▶ **THE DATA**:
··········

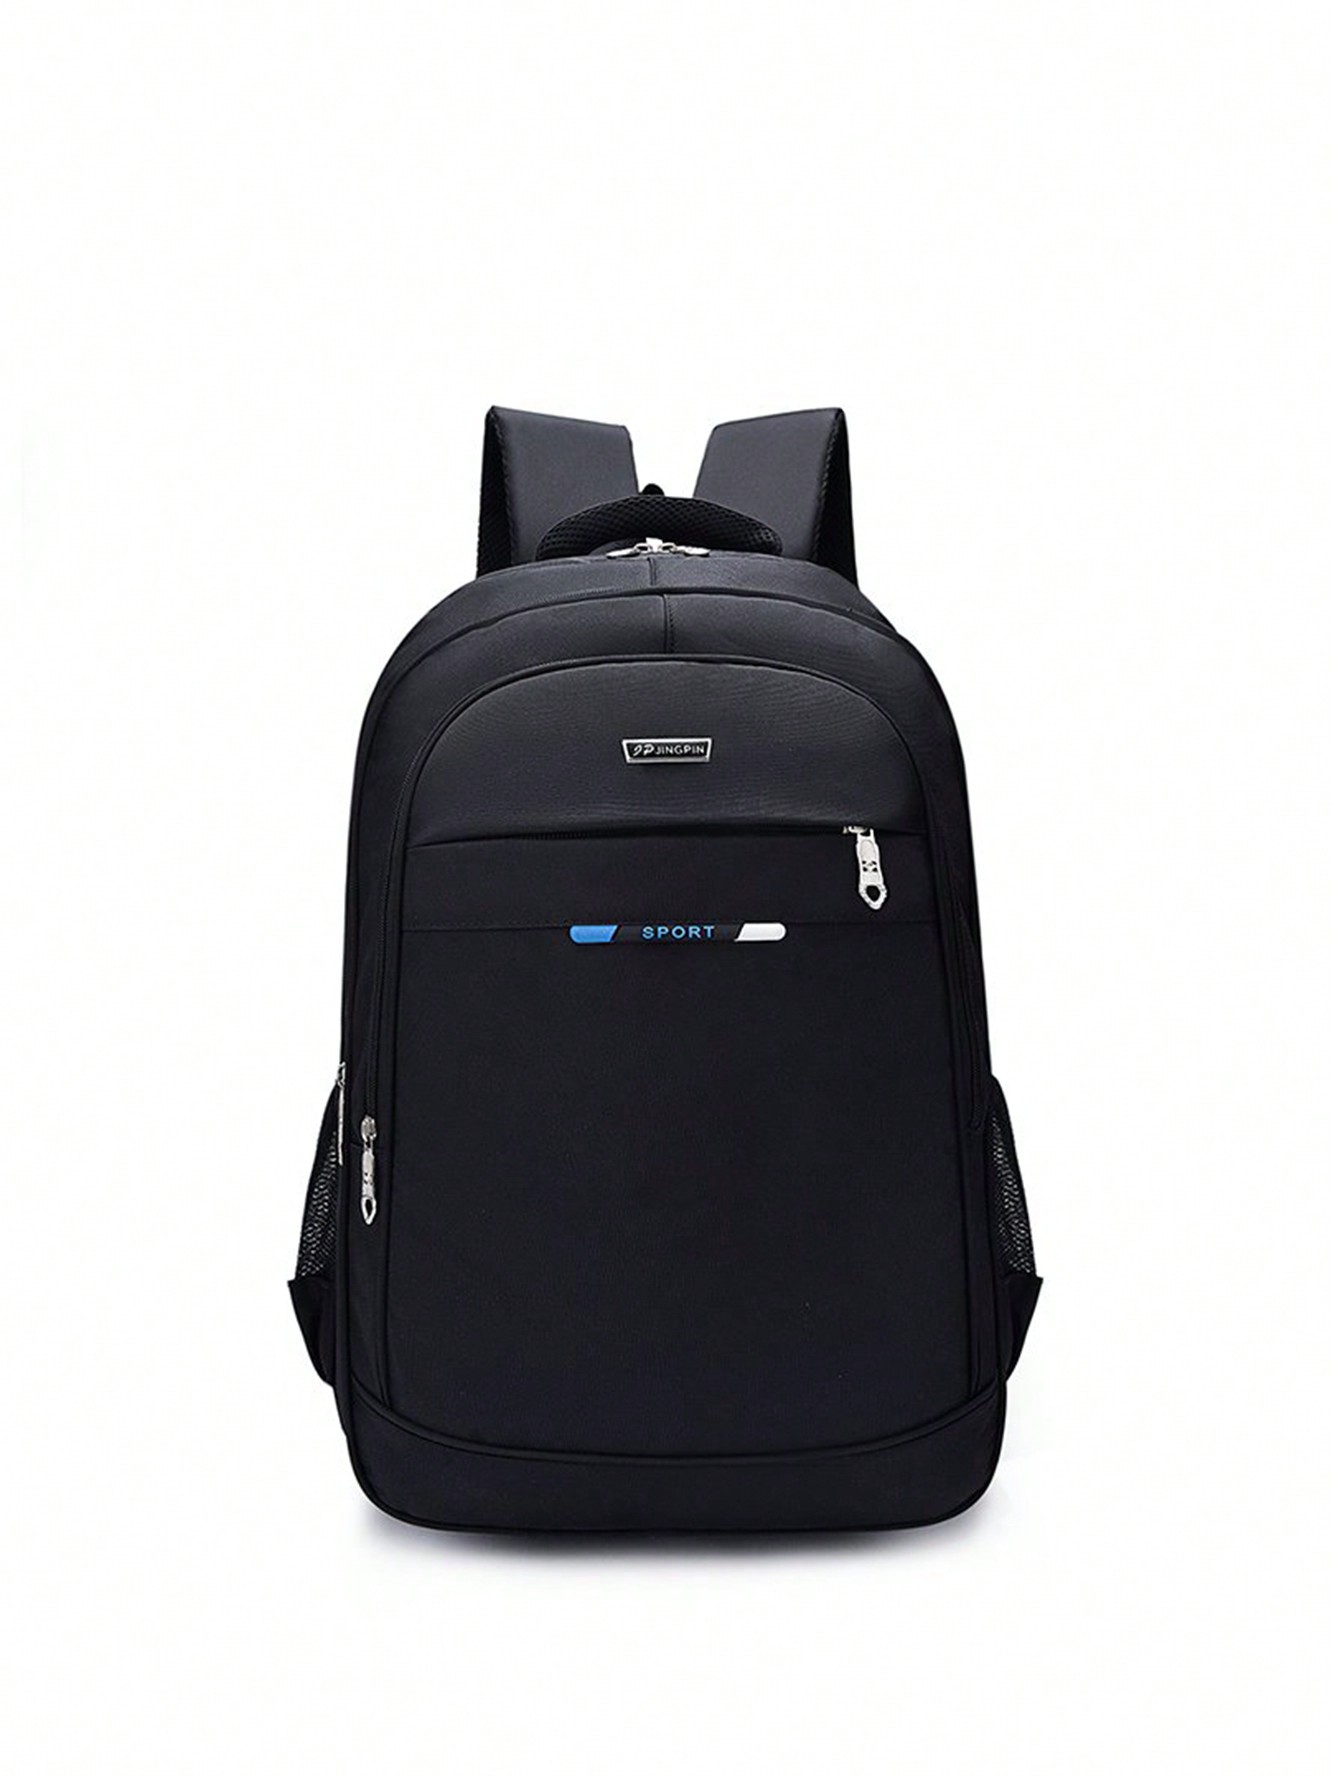 Рюкзак для мужчин, синий мужской повседневный спортивный компьютерный рюкзак большой вместимости белый
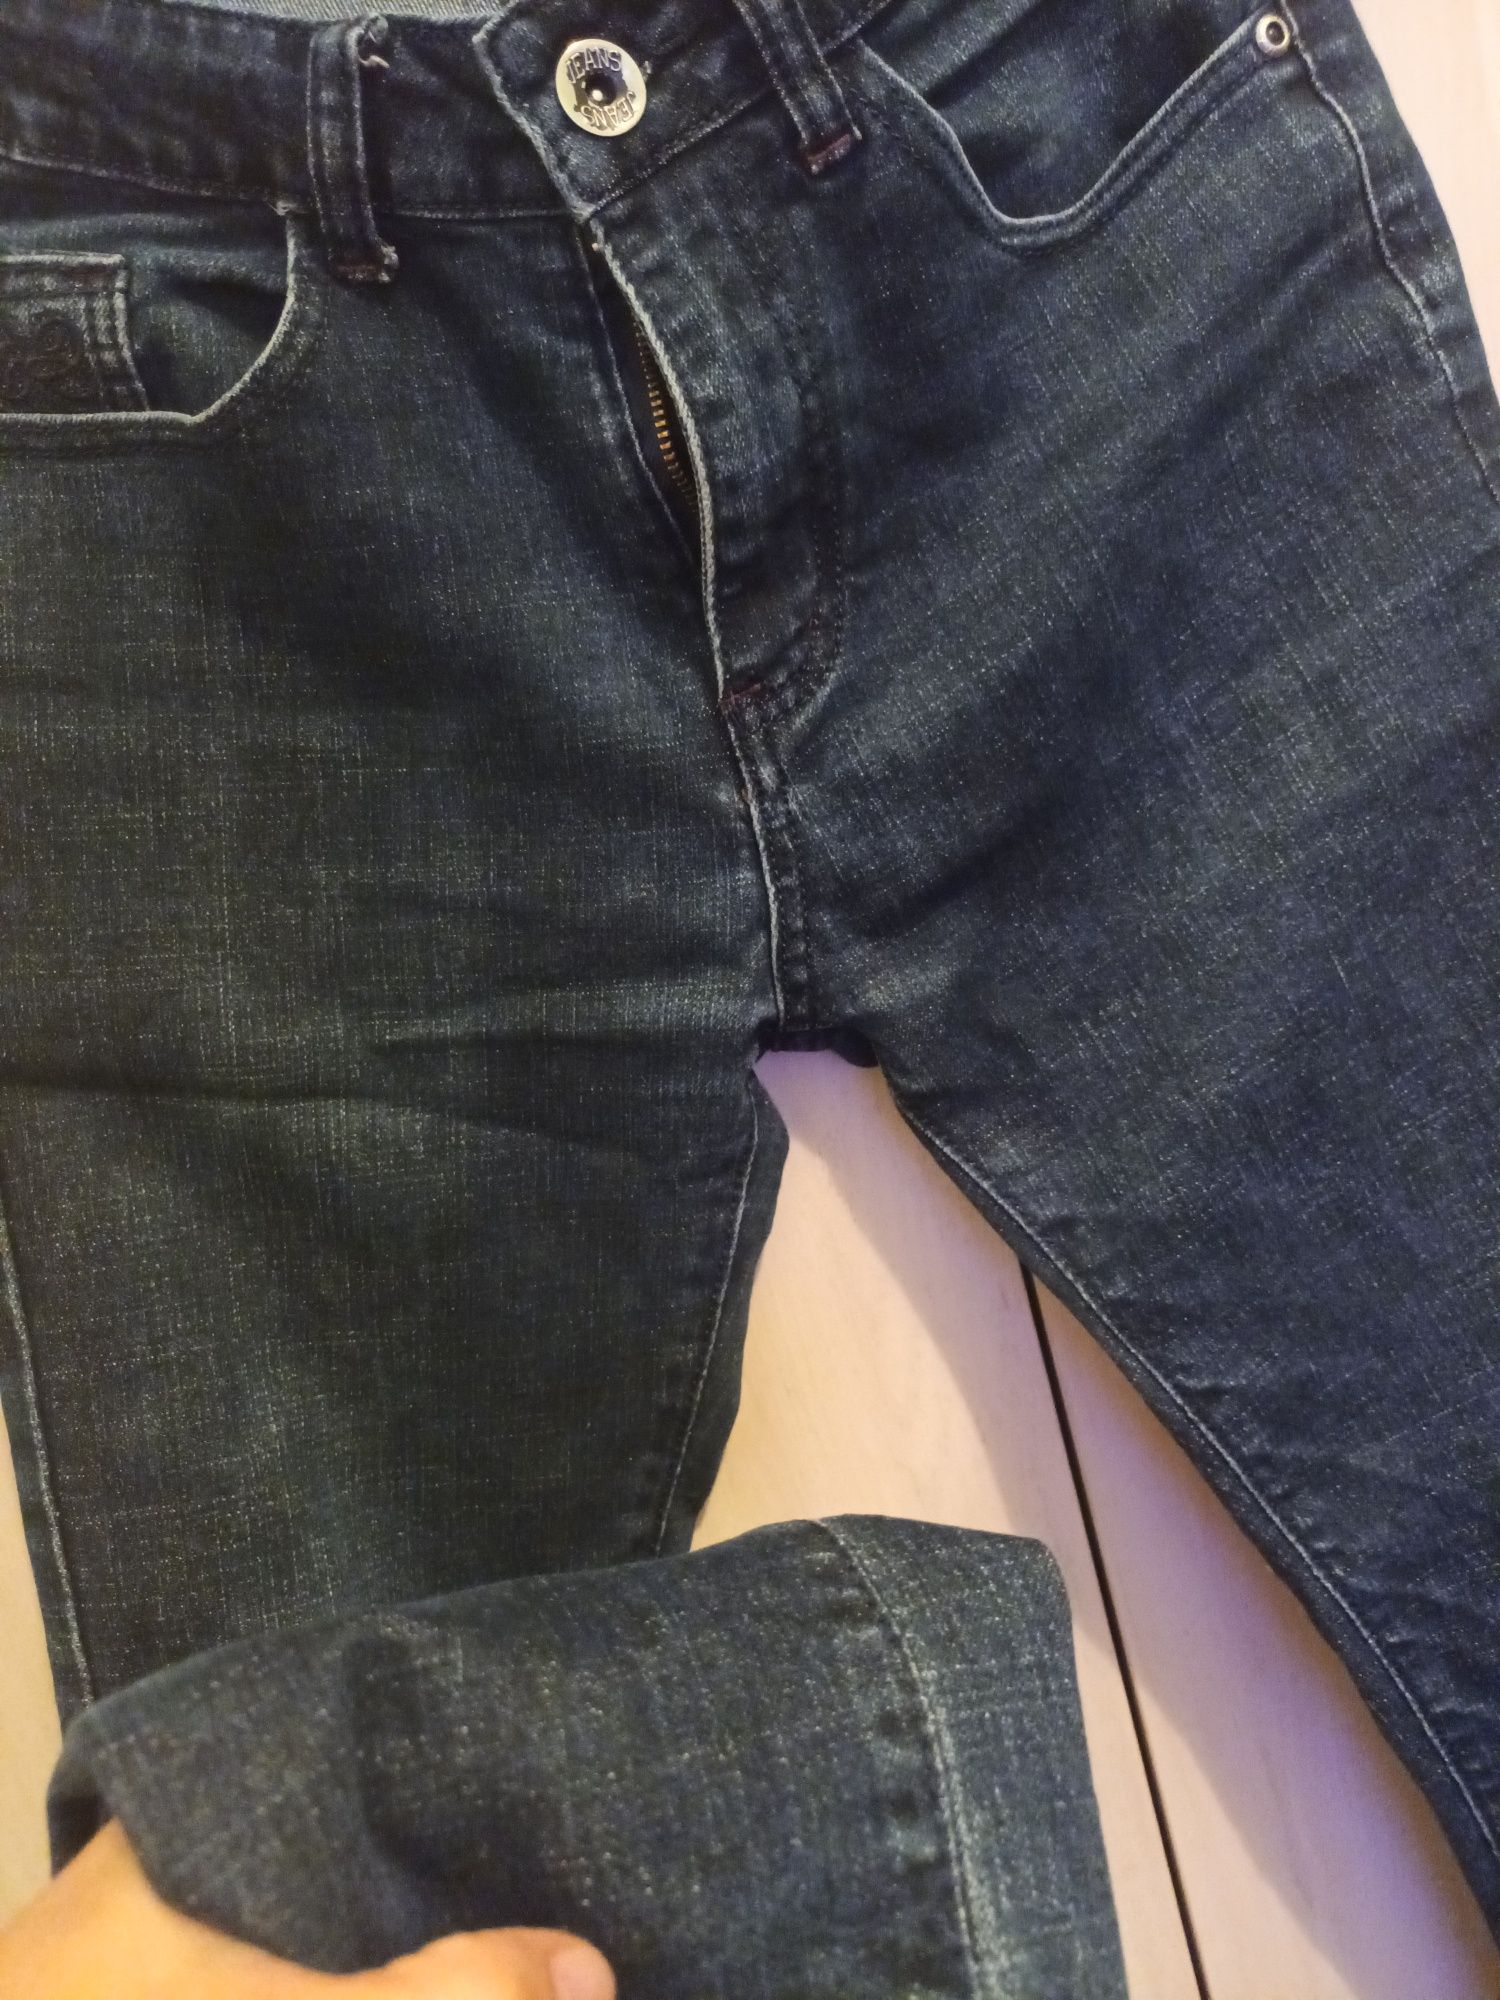 Мужская Рубашка и джинсовые брюки размер С
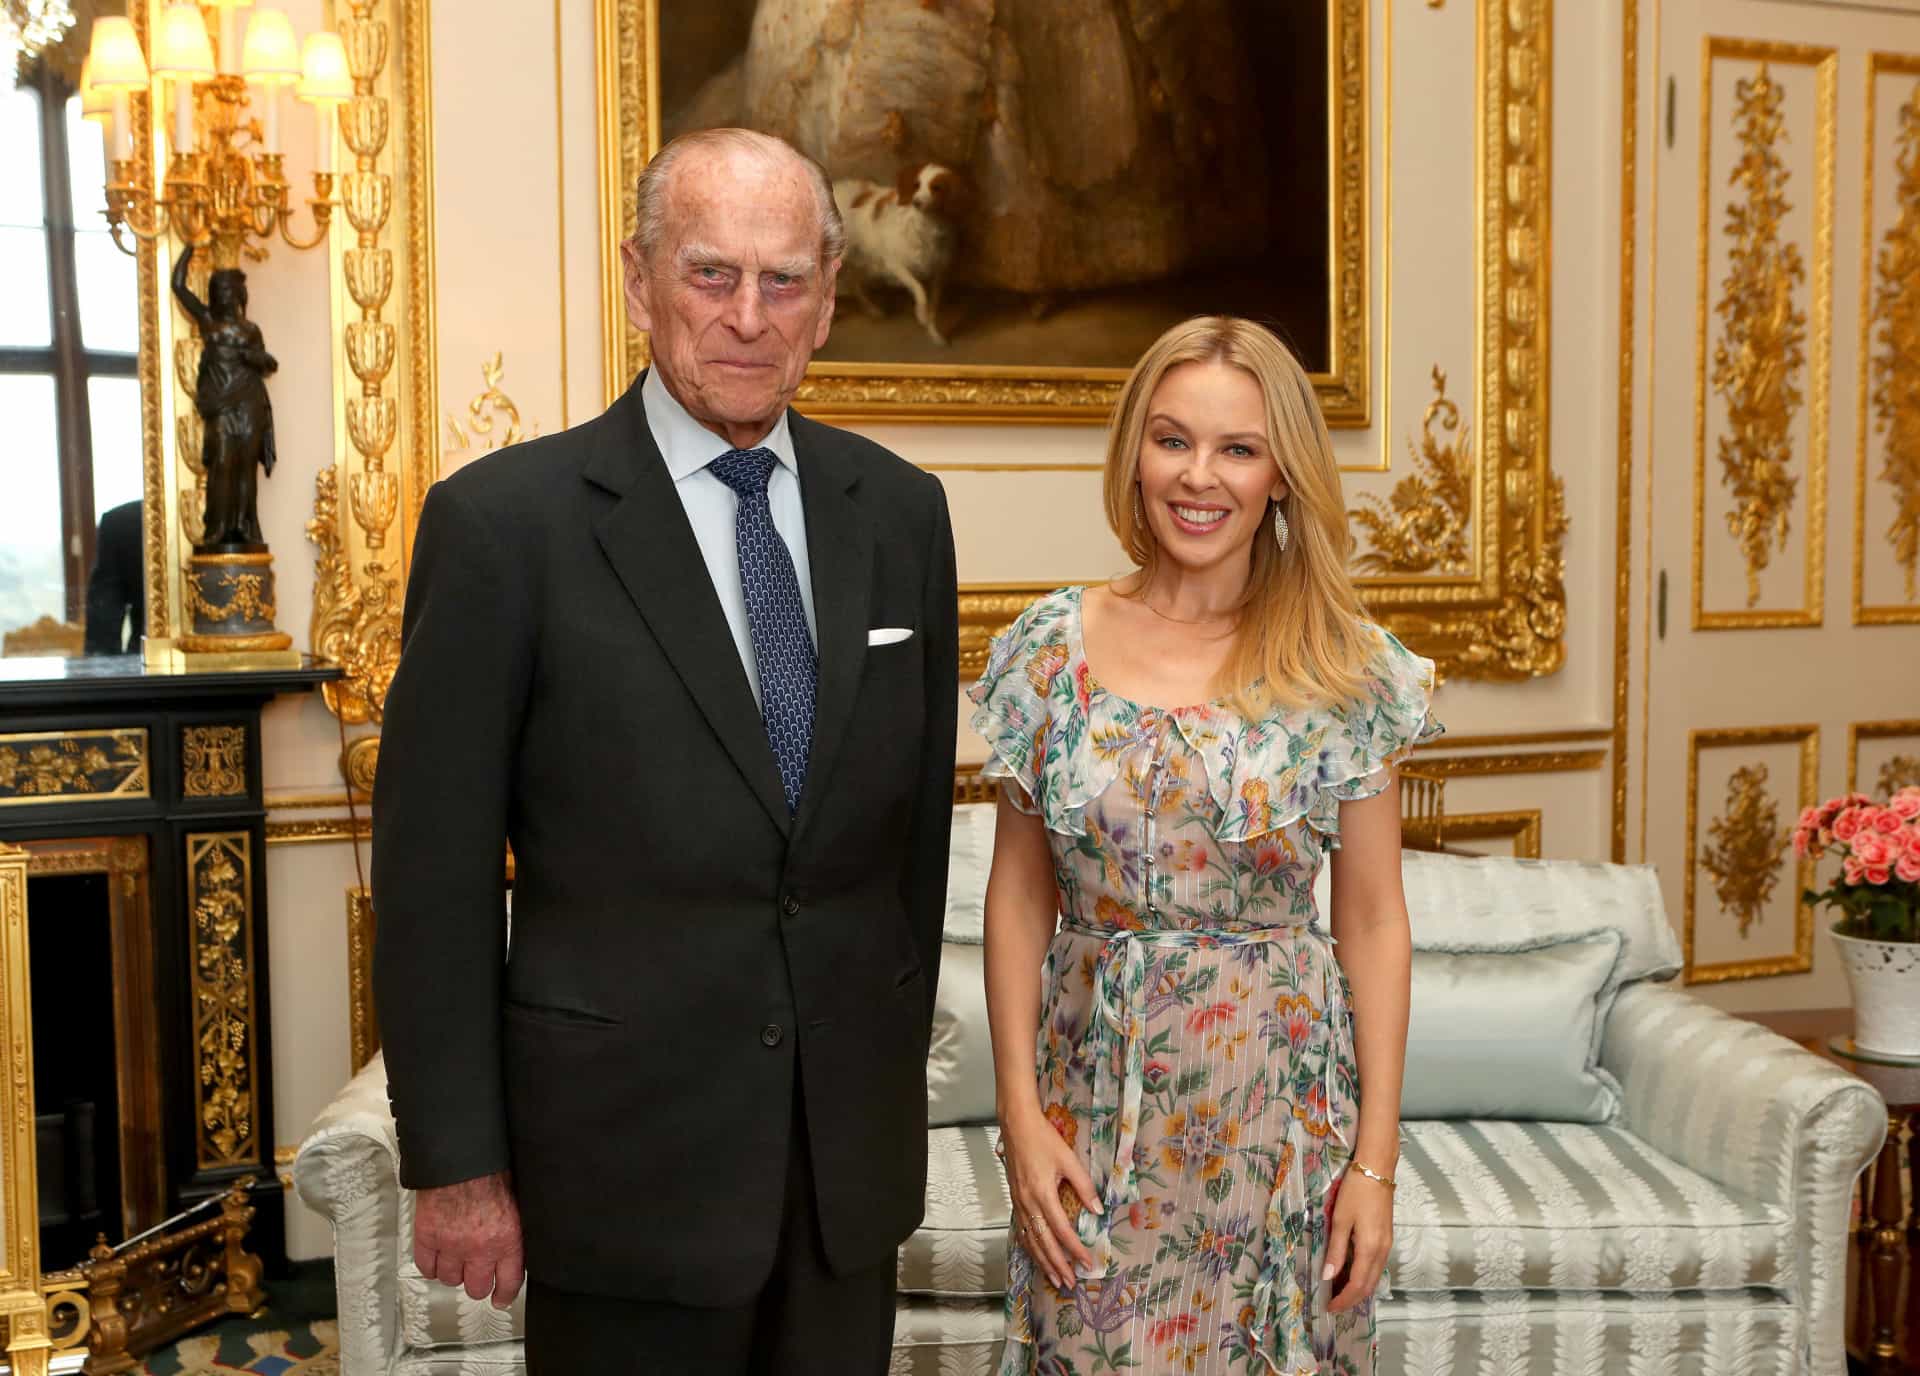 El duque de Edimburgo, jefe de la Sociedad Británico-australiana, entrega el premio de dicha institución en 2016 a Kylie Minogue, en el castillo de Windsor (Inglaterra).

··········

▶ **WHAT THIS TASK INVOLVES**: Once the pictures are removed, output the remaining material exactly.

▶ **SOLUTION TO THIS PROBLEM**:
 Рюкзак для мужчин, синий мужской повседневный спортивный компьютерный рюкзак большой вместимости белый
 Мужская Рубашка и джинсовые брюки размер С
 El duque de Edimburgo, jefe de la Sociedad Británico-australiana, entrega el premio de dicha institución en 2016 a Kylie Minogue, en el castillo de Windsor (Inglaterra).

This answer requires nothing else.